We evaluated a HM population across a broad range of ages, diagnoses, and treatments; the allogenic transplant group was underrepresented on account of the case mix in this center. Specifically, we found the plasma cell myeloma group had poorer outcomes in the univariate analysis for ICU survival. Previous studies have not consistently shown an adverse outcome for a specific HM and, in practice, a particular HM diagnosis would not exclude a patient from ICU admission.[9] Furthermore, treatments for incurable HMs such as plasma cell myeloma have rapidly evolved in recent years with at least three new drugs now available in Australia changing the context of specific disease diagnosis in ICU referrals.[18]

Poor functional status, uncontrolled chronic comorbidities, and lack of reversibility in the underlying condition prompting referral are frequent reasons for ICU refusal in the general population.[4] We found very few patients with a poor functional status and/or a large number of comorbidities, which may explain why ECOG and CCI scores did not reach significance. Pre-ICU ejection fraction, however, was a significant factor indicating the importance of cardiac function in ICU survival. This may also be a surrogate indicator for the overall low comorbidity status, good functional status, and younger age of the studied population.

For patients with a CCI score of 2—the minimum possible in this study—the expected 1-year mortality using original Charlson data is 26%, with worse outcomes for age and severity of illness.[19] Our concern in using the CCI was that some malignancies may be given too much weight while others not enough.[20,21] In certain HM such as AML, this can vary between months to years based on genotypic and phenotypic factors, while for some other HM, like DLBCL, the survival is uniformly greater than 1 year—which is not reflected in the CCI.[9]

APACHE scores, which are markers of critical illness severity, while not validated for the HM population, as expected showed significance for ICU survival outcomes.
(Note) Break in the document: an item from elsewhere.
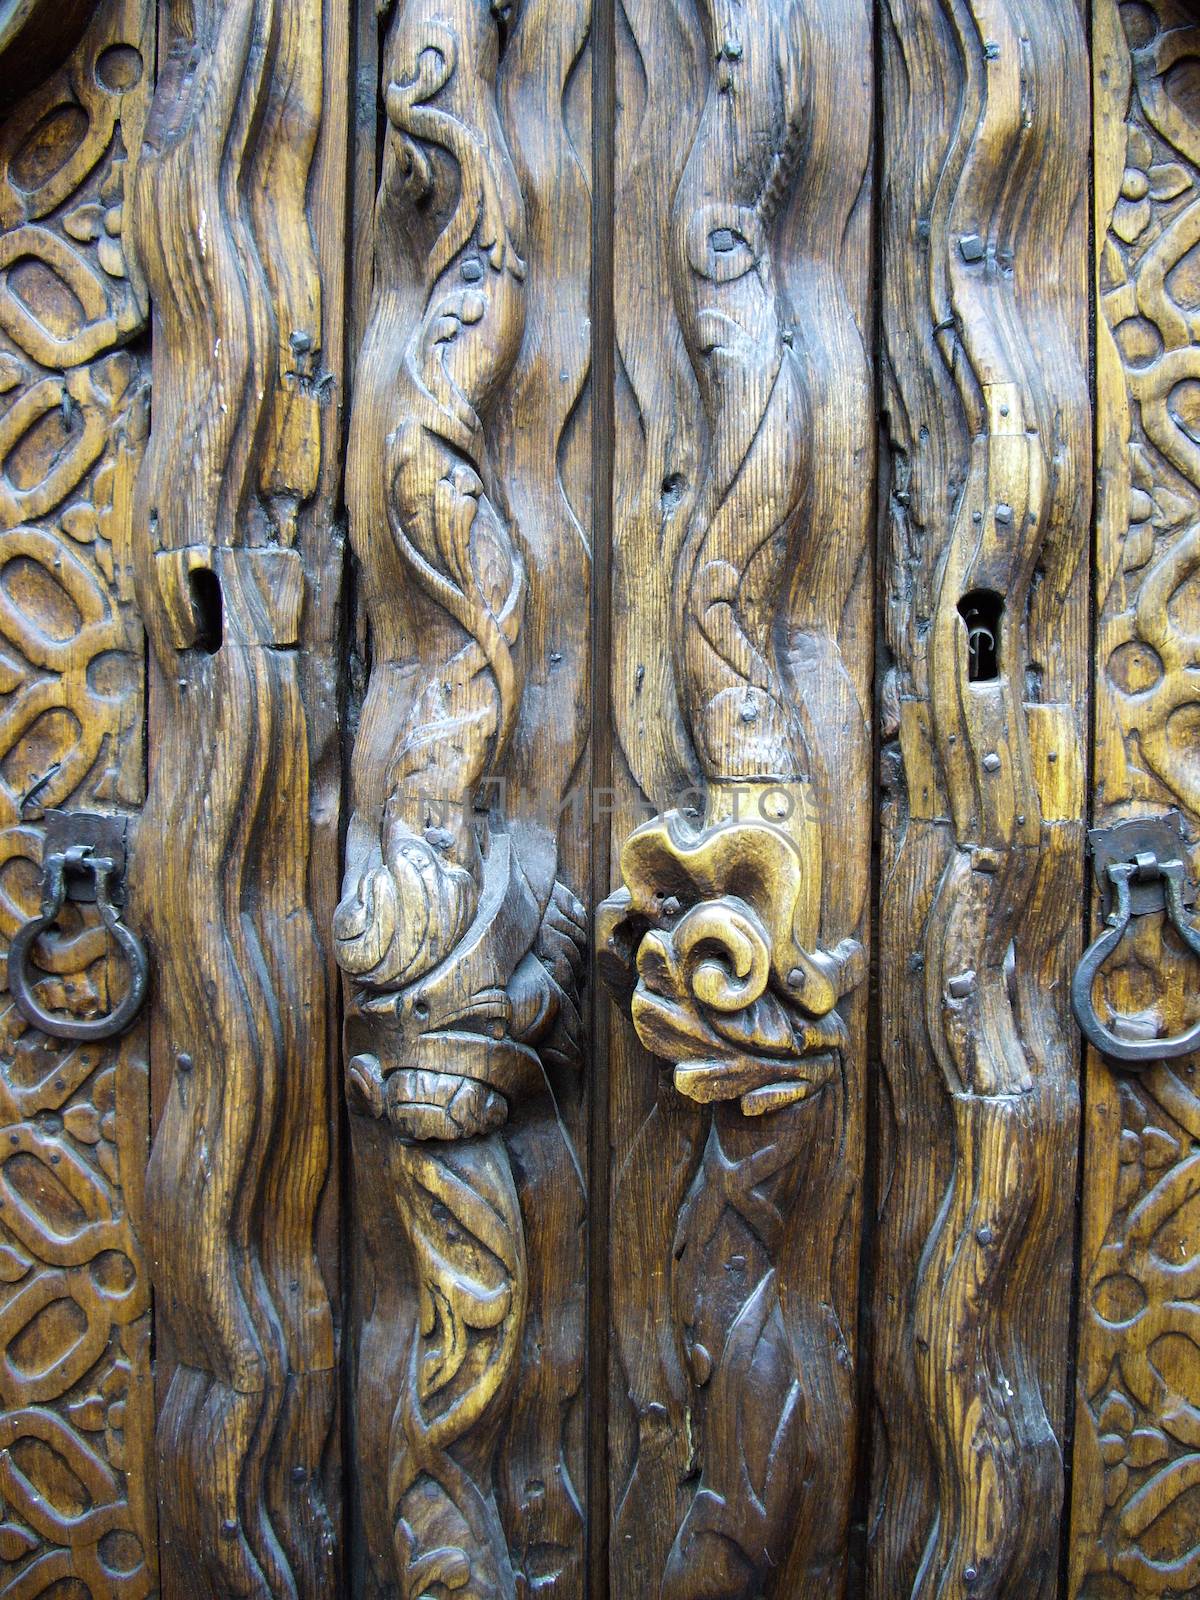 Carved wooden door in Mexico

Based on the severity of their disease and/or critical illness, some patients were likely to have died in ICU. These patients may have been given an “ICU trial” in hope of a recovery, as a result of otherwise positive factors such as comorbidities, functional status, and cytogenetic profile.[22]

Acknowledging this heterogeneity of HM patients, we sought to determine individual prognosis based on HM-specific factors. We found that prognostication based on malignancy status, using disease-specific prognostic risk scores, was significantly associated with overall survival in both the univariate and multivariate analyses. These may be important to assist with ICU patient selection in the future.

The limitations of this study include a retrospective design and that genetic risk profiling was available for acute leukemia patients alone. Australia is fortunate in that it operates the ANZICS database that could be in future used to gather prospective multicenter information regarding patients with HM admitted to Australian ICUs.

The mortality rates described in this study are comparable to other contemporary Western data and also to the few Australian studies available.[21,23] The high volume of HM admissions within this particular Australian ICU and the corresponding favorable outcomes of many of the patients reinforce the concept of a “specialized” ICU that is essential to improved outcome.[4] This retrospective study is an important step in recognizing the changing contexts of ICU referrals in HM and planning prospective studies to understand the ICU outcomes for these patients.